Melaverde pisze:Tomker napisał/a:
Było też sporo osób które przyszły żeby się jedynie pokazać, czy pochwalić, że były. Trybuna po lewej to były też drewniaki, ale reszta 11/10!
Jeśli po lewej tyłem do sceny to się trochę nie zgodzę - prawda parę osobników typu"byłem na koncercie - i tyle pamiętam" było - ale reszta dawała czadu - wiem bo sama byłam:)
Podejrzewam, że wszyscy fani stali przodem do zespołu, a nie tyłem, więc dla każdego prawa i lewa to ta sama strona
"Strona z Vipami" czasem wyglądała niemrawo, nie cała oczywiście, ale były takie miejsca, że wyglądało to jakby ludzie byly wycięci z tektury.

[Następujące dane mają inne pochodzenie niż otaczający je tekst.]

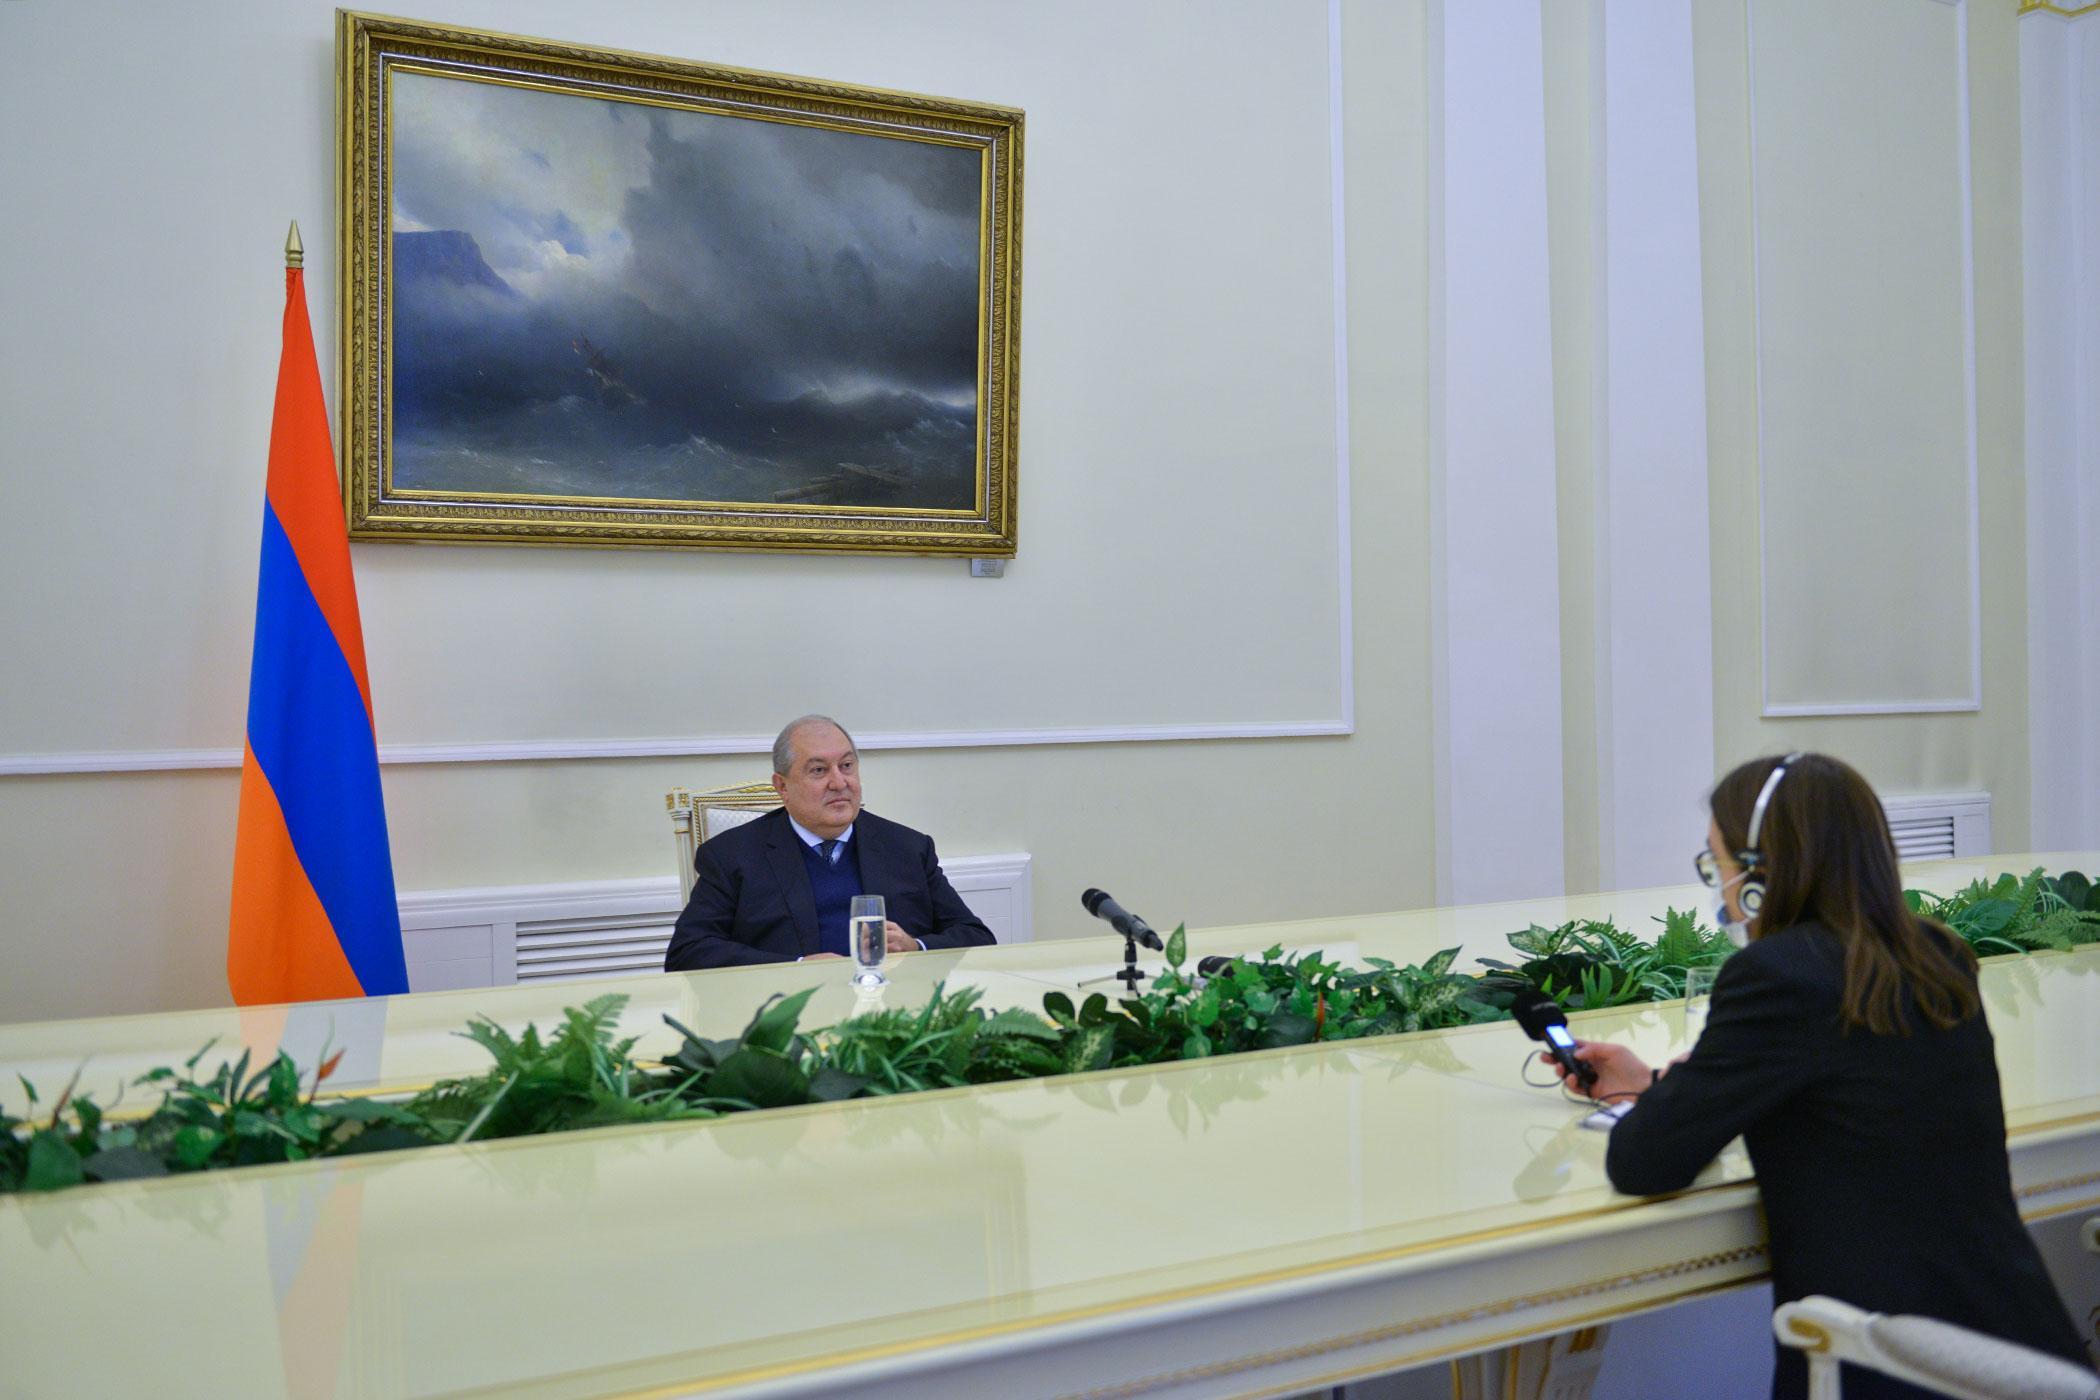 Photo of Միջազգային հանրությունը չի ցանկանում նկատել Թուրքիայի վարքագիծը. նախագահ Արմեն Սարգսյանը հարցազրույց է տվել Շվեդիայի հանրային ռադիոյին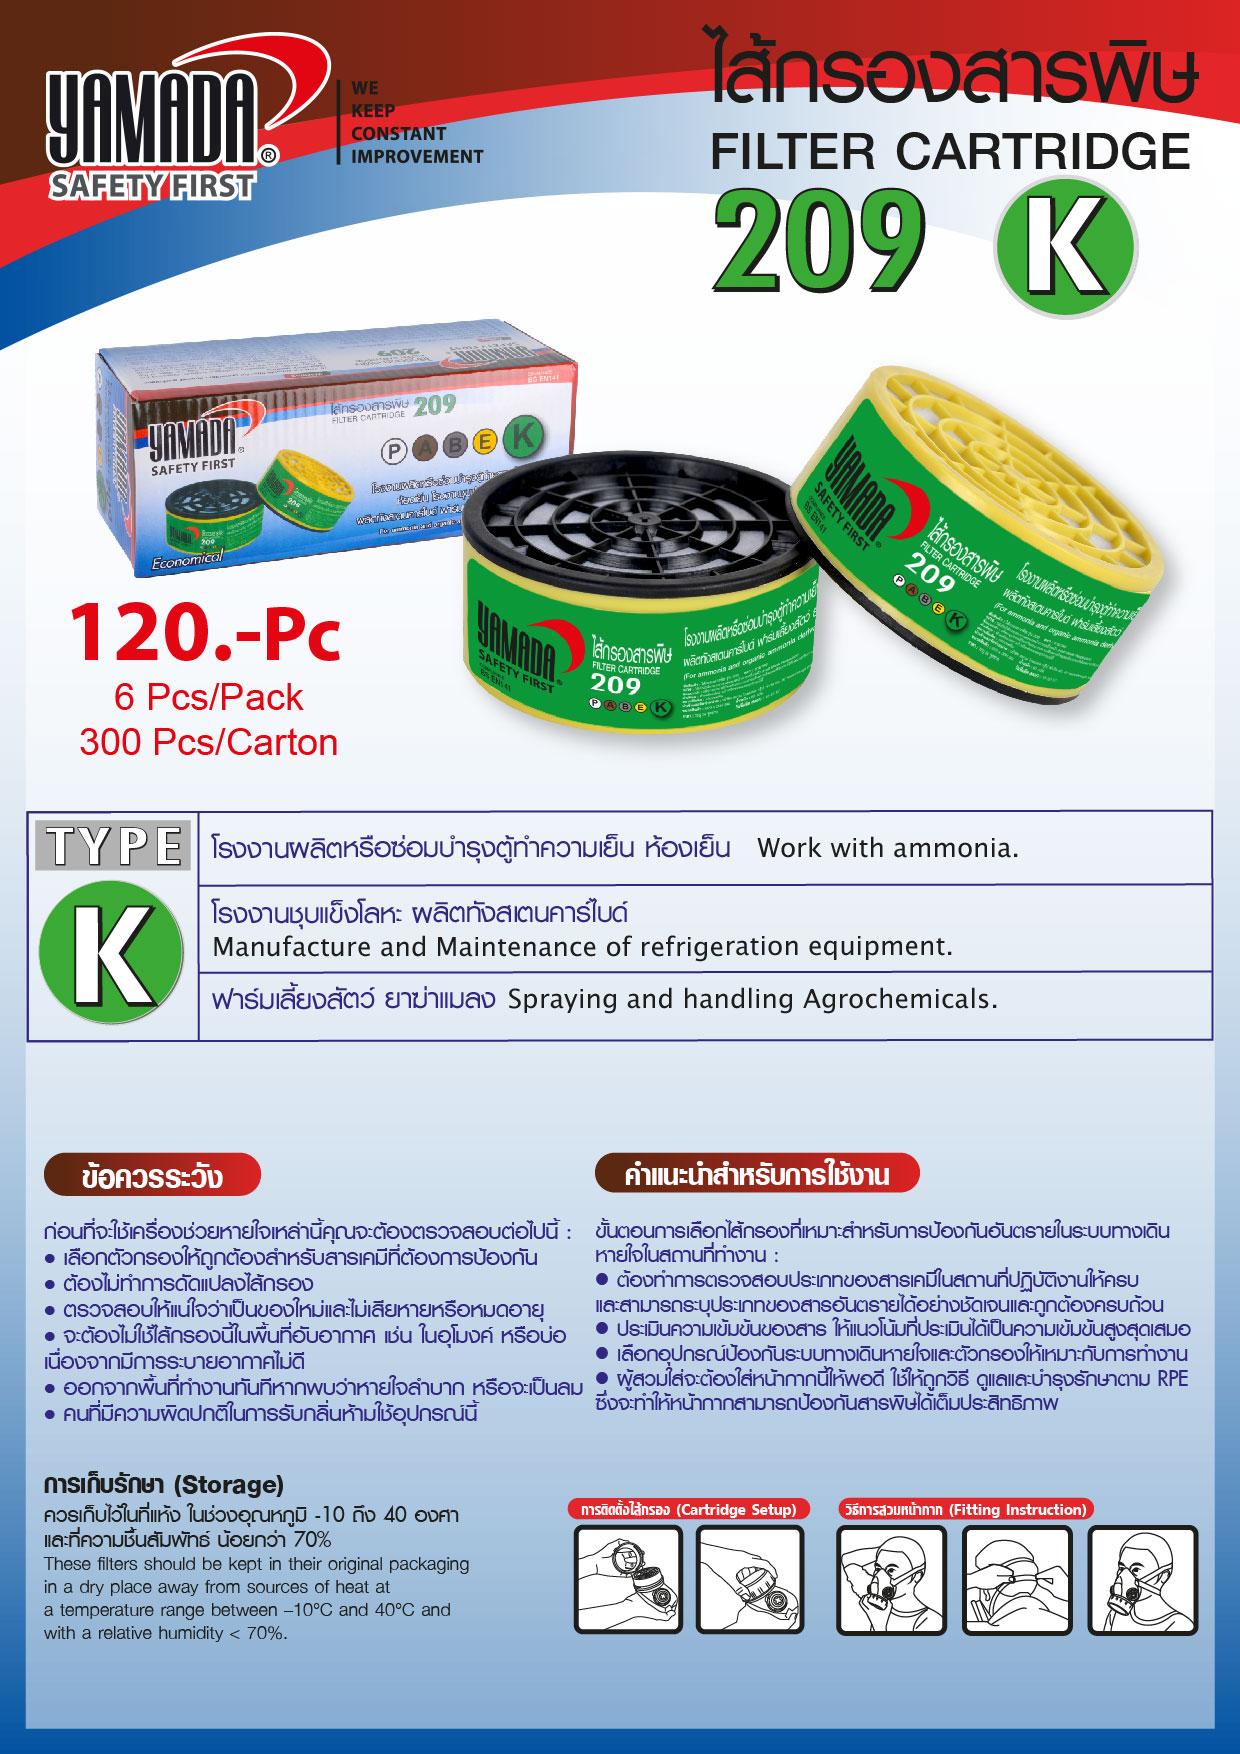 (86/268) ไส้กรองสารพิษ 209 TYPE K / Filter Cartridge

Oczywiście wiem, że tam gdzie była np.
IMP było gooorącoooo, ale obiektywnie muszę stwierdzić, że prawie cała prawa strona trybun była pretty f@#$ing good i byłem tym bardzo pozytywnie zaskoczony
Zresztą niedługo w necie będzie cała masa filmików to możemy zrobić pojedynek strona lewa vs prawa.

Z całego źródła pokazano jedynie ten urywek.